HOW TO COMPLETE THIS TASK:
The reply should contain the full listing exactly as written and no pictures at all.

== DATASET CONTENT ==

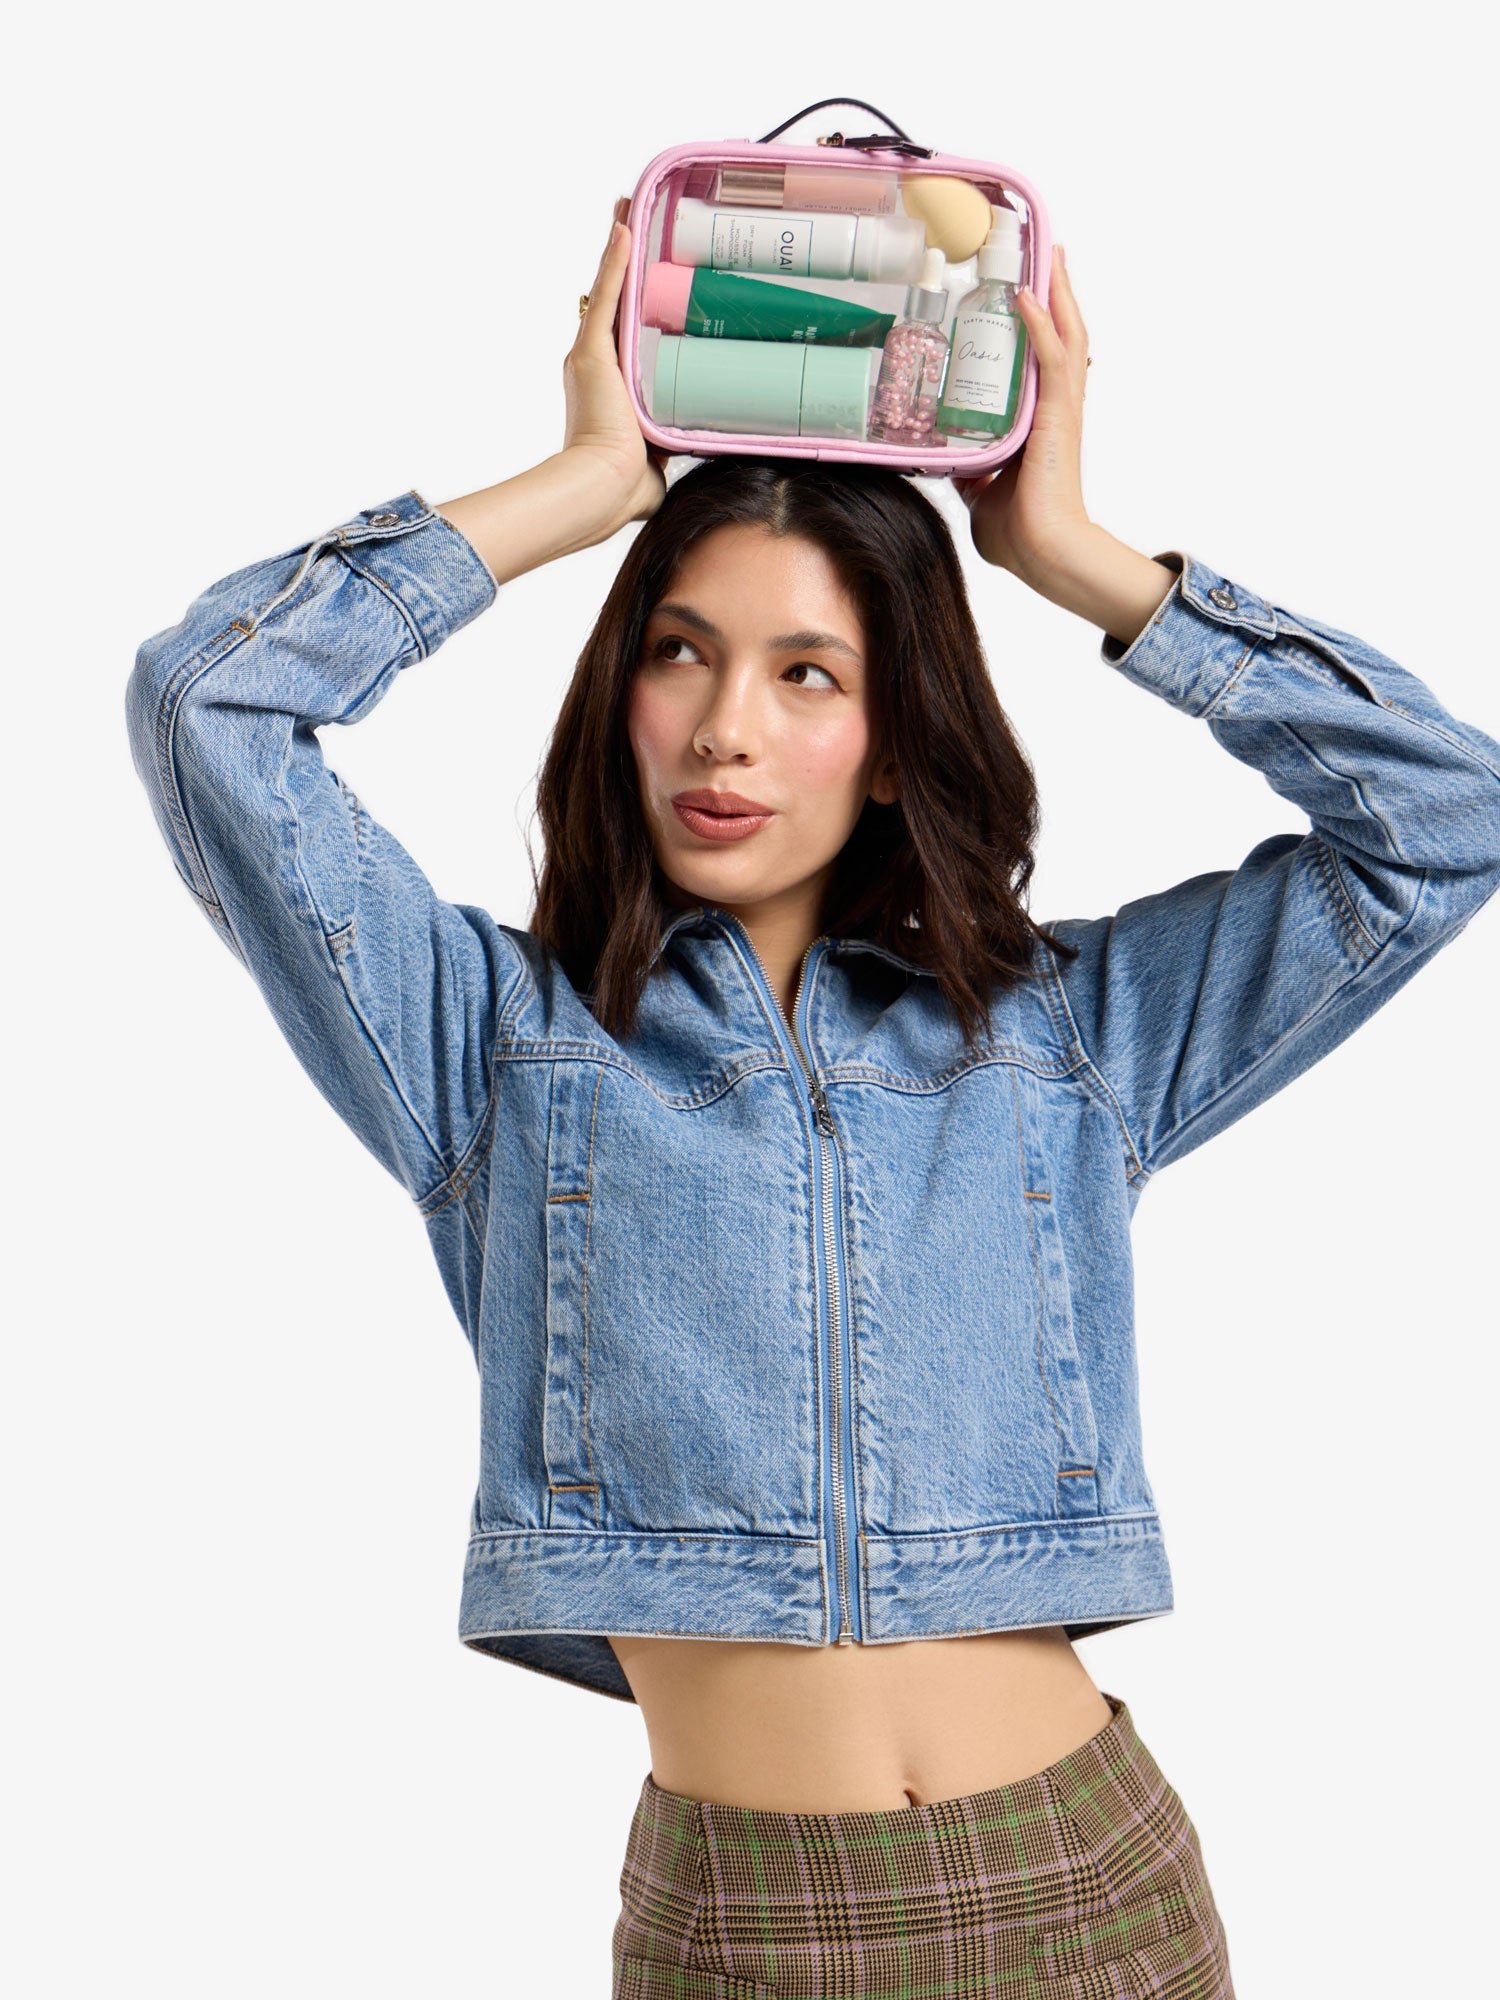 Model holding CALPAK small clear cosmetic case above head in pink
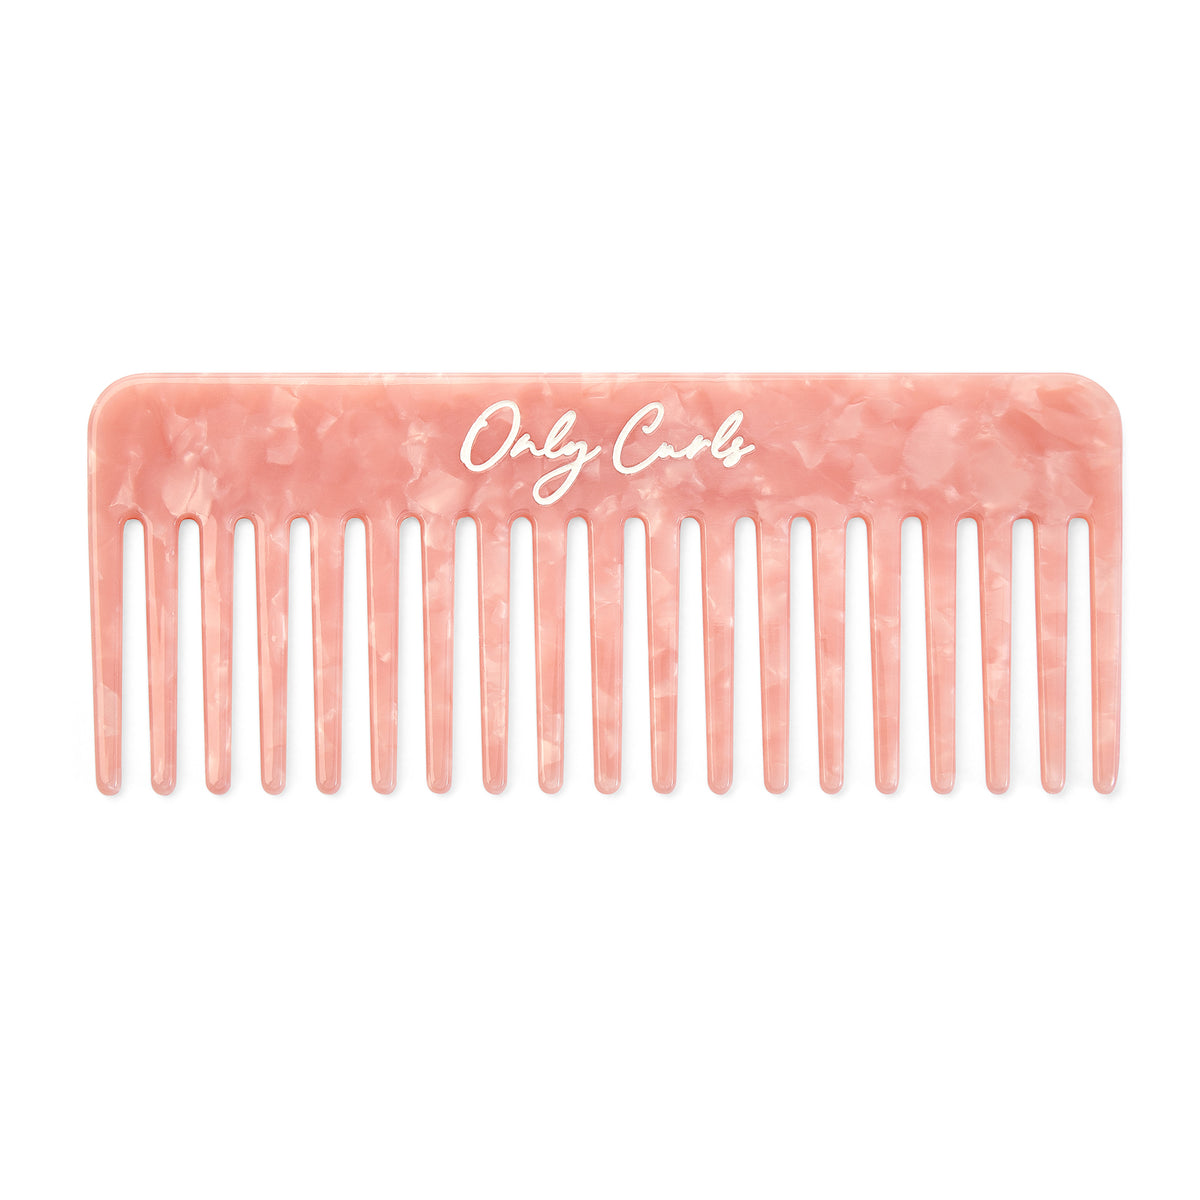 Only Curls Pink Shimmer Comb - Only Curls
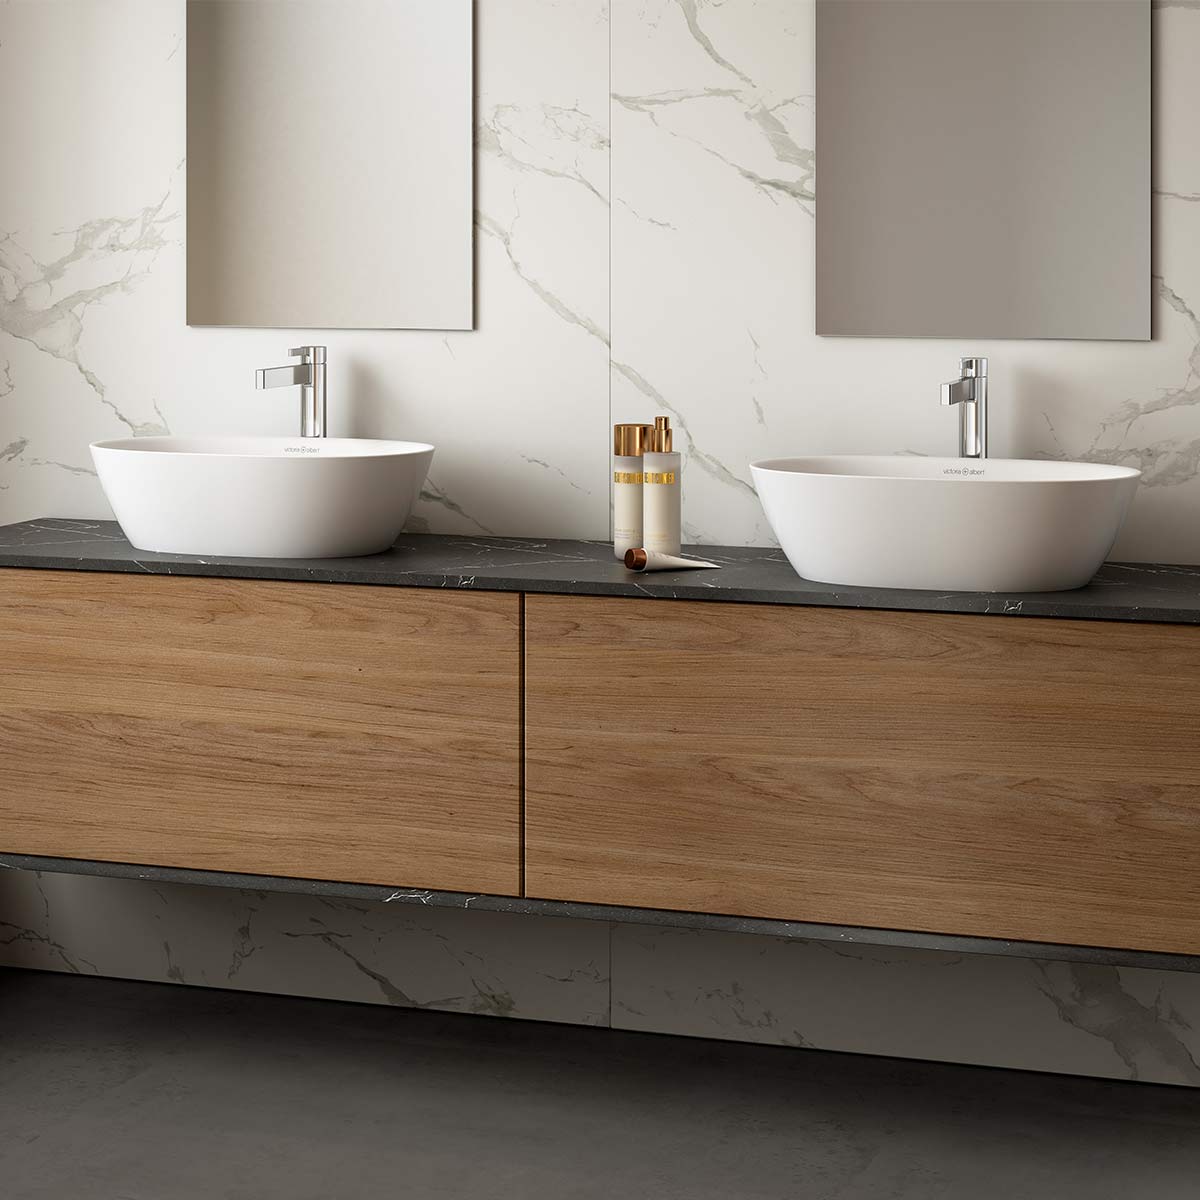 Victoria + Albert Lussari 55 basin in gloss white. Also available in matt white or custom colour exterior paint in any matt or gloss colour. Distributed in Australia by Luxe by Design, Brisbane.
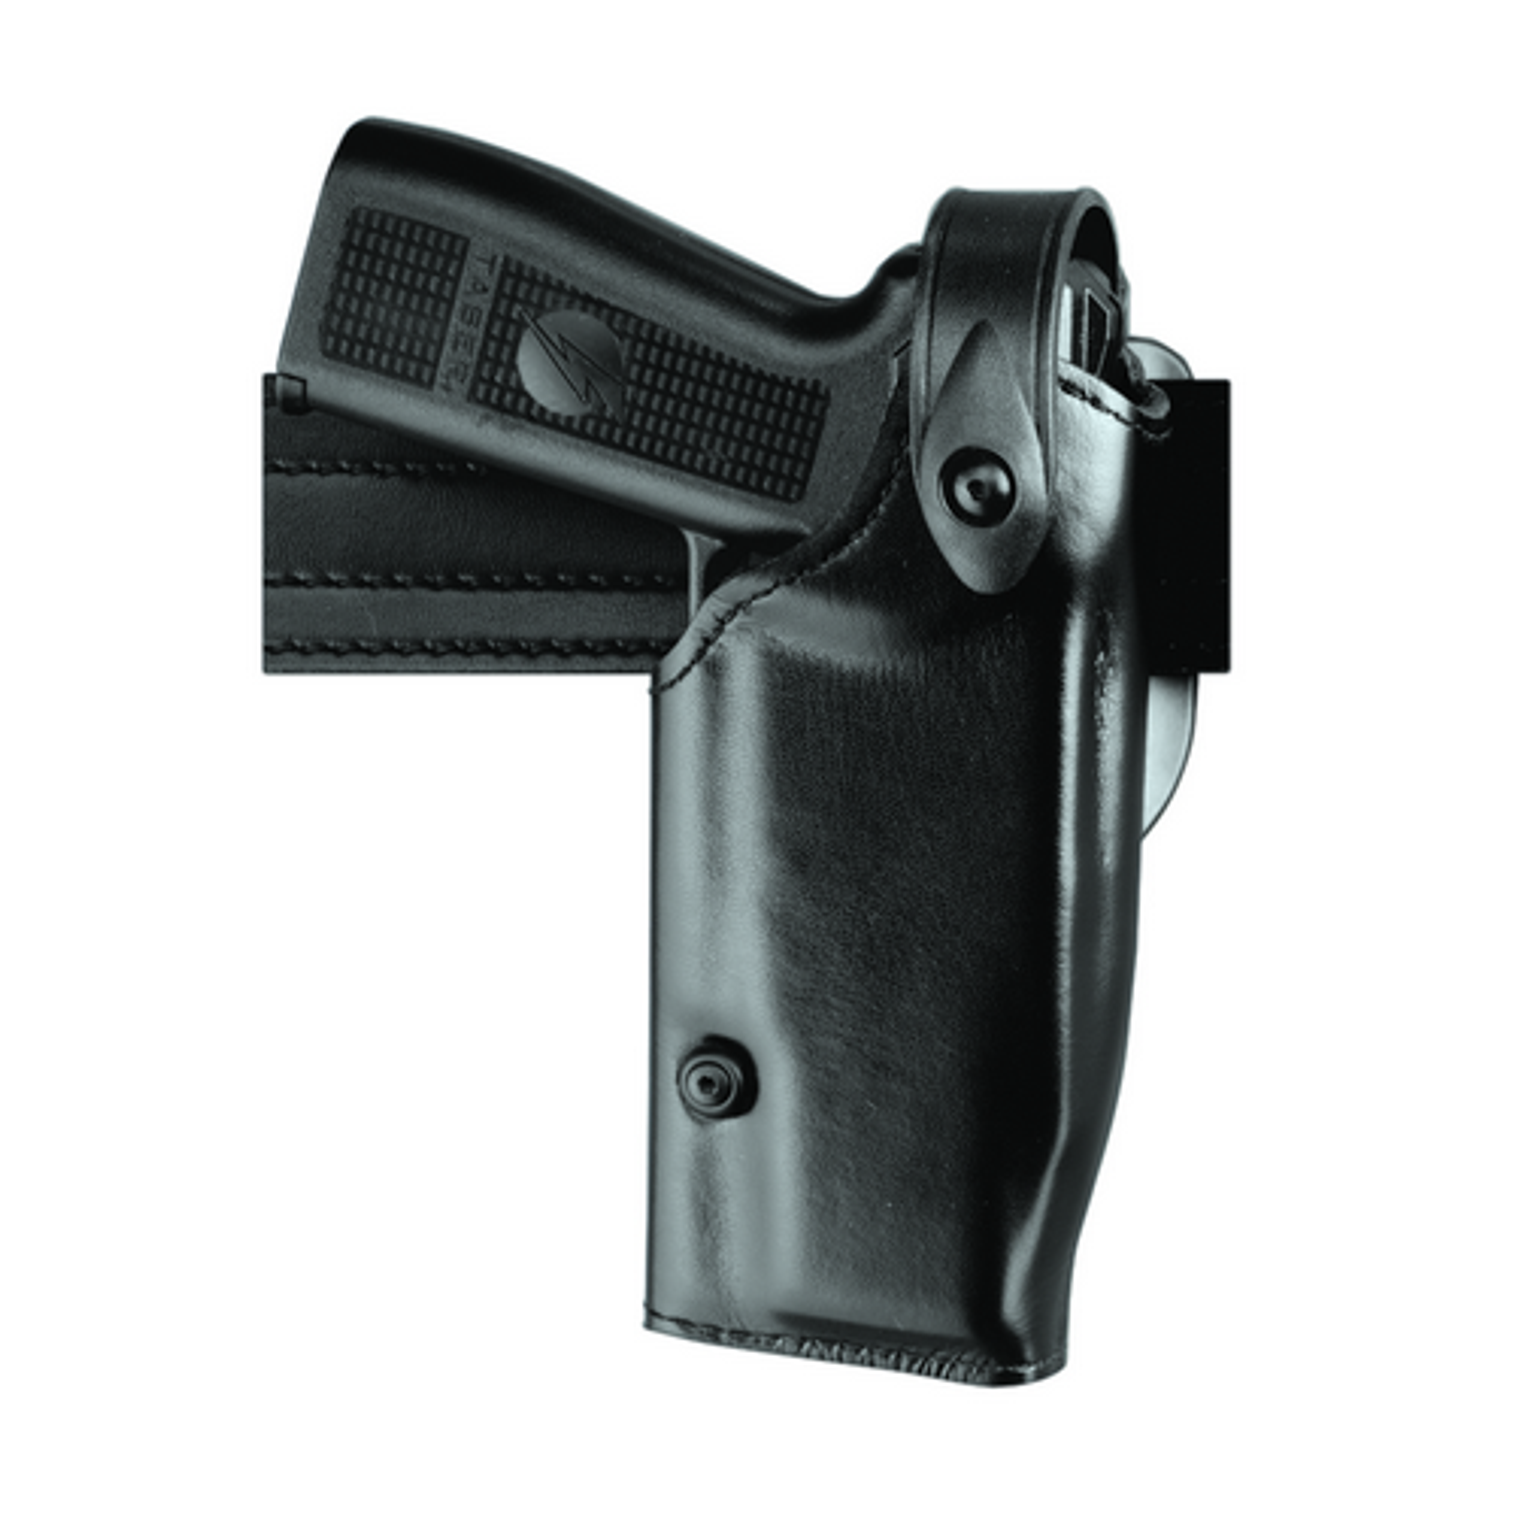 Model 6280 Sls Mid-ride Level Ii Retention Duty Holster For Sig Sauer P225

===

REPLY:
 Model holding CALPAK small clear cosmetic case above head in pink
 Only Curls Pink Shimmer Comb - Only Curls
 Victoria + Albert Lussari 55 basin in gloss white. Also available in matt white or custom colour exterior paint in any matt or gloss colour. Distributed in Australia by Luxe by Design, Brisbane.
 Model 6280 Sls Mid-ride Level Ii Retention Duty Holster For Sig Sauer P225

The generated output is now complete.